The sponsoring company should consult a Migration Agent who can advise them as to the sponsorship requirements and expected salary package, expenses and obligations. If they have an employee in mind a Migration Agent can also assist in assessing if the applicant will meet Visa requirements and conditions. Its not as straight forward as some think.
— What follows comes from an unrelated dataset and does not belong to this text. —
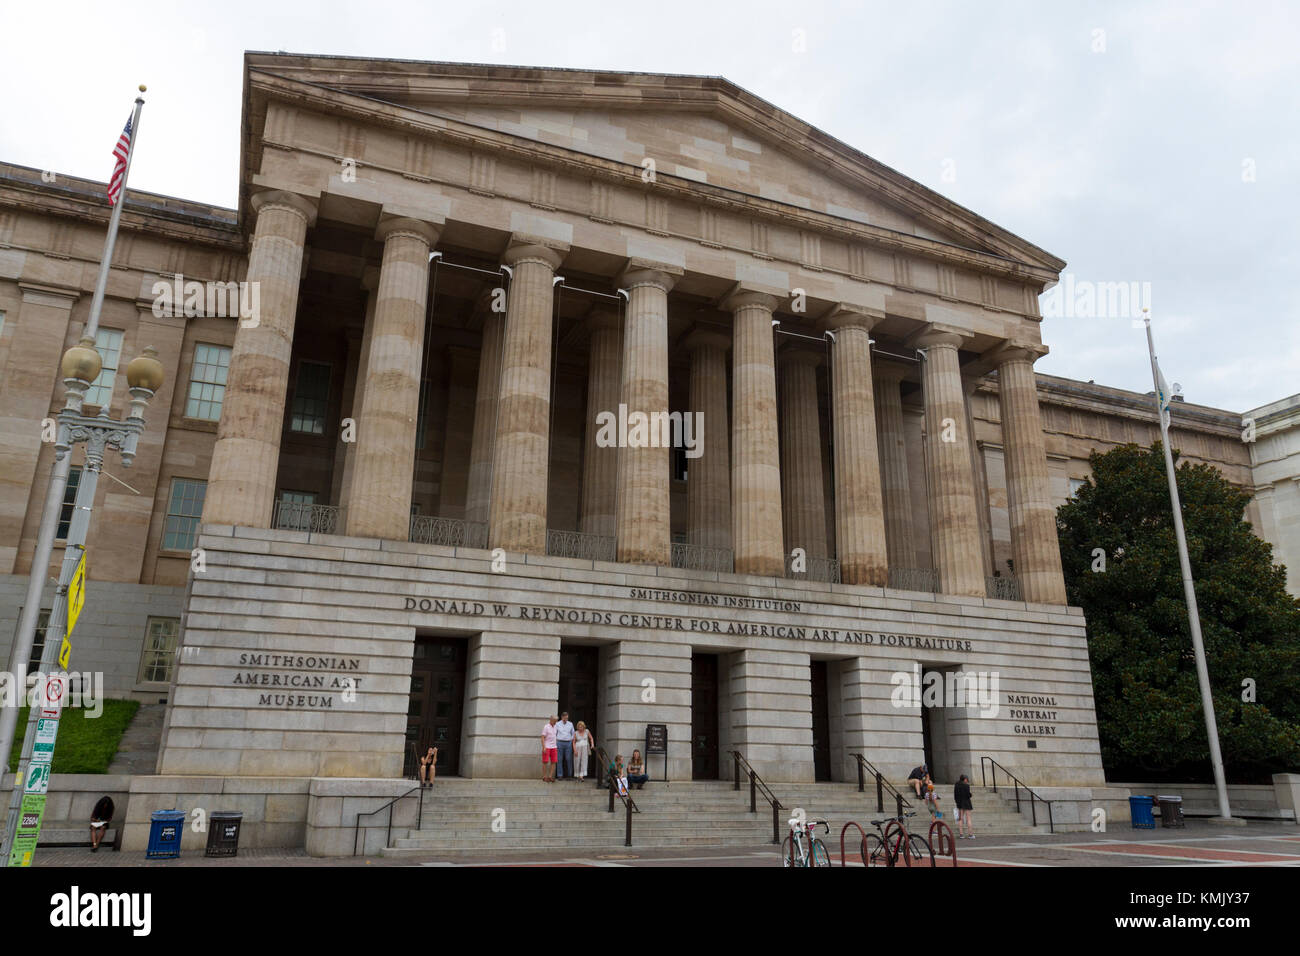 The National Portrait Gallery (Donald W. Reynolds Center for American Art & Portraiture) in Washington DC, United States. Stock Photo

Depending in the visa held, if the relationship between sponsor and employee does not work out, additional issues come into play that both parties need to consider. The Sponsor will also have to demonstrate that they can not find a person with the suitable skills and training here in Australia before they are able to apply to sponsor OS migration.

Disclaimer;
As each case if different this advise which is given freely in the interest of open general discussion, should not be relied on solely when considering immigration requirements. Those seeking to migrate to Australia to seek clarification and additional advice pertaining to their specific situation. or considered as being any form of contract or engagement of services.

More information contact a Migration Agent (Look on the MARA website or contact the MIA) or the department of Immigration. Department of Immigration & Citizenship

Always use a Registered Migration Agent who is bound by a professional code of ethics and legislative oversight.


----------



## chicken999 (May 2, 2013)

Read above posts. Is not enough for family


----------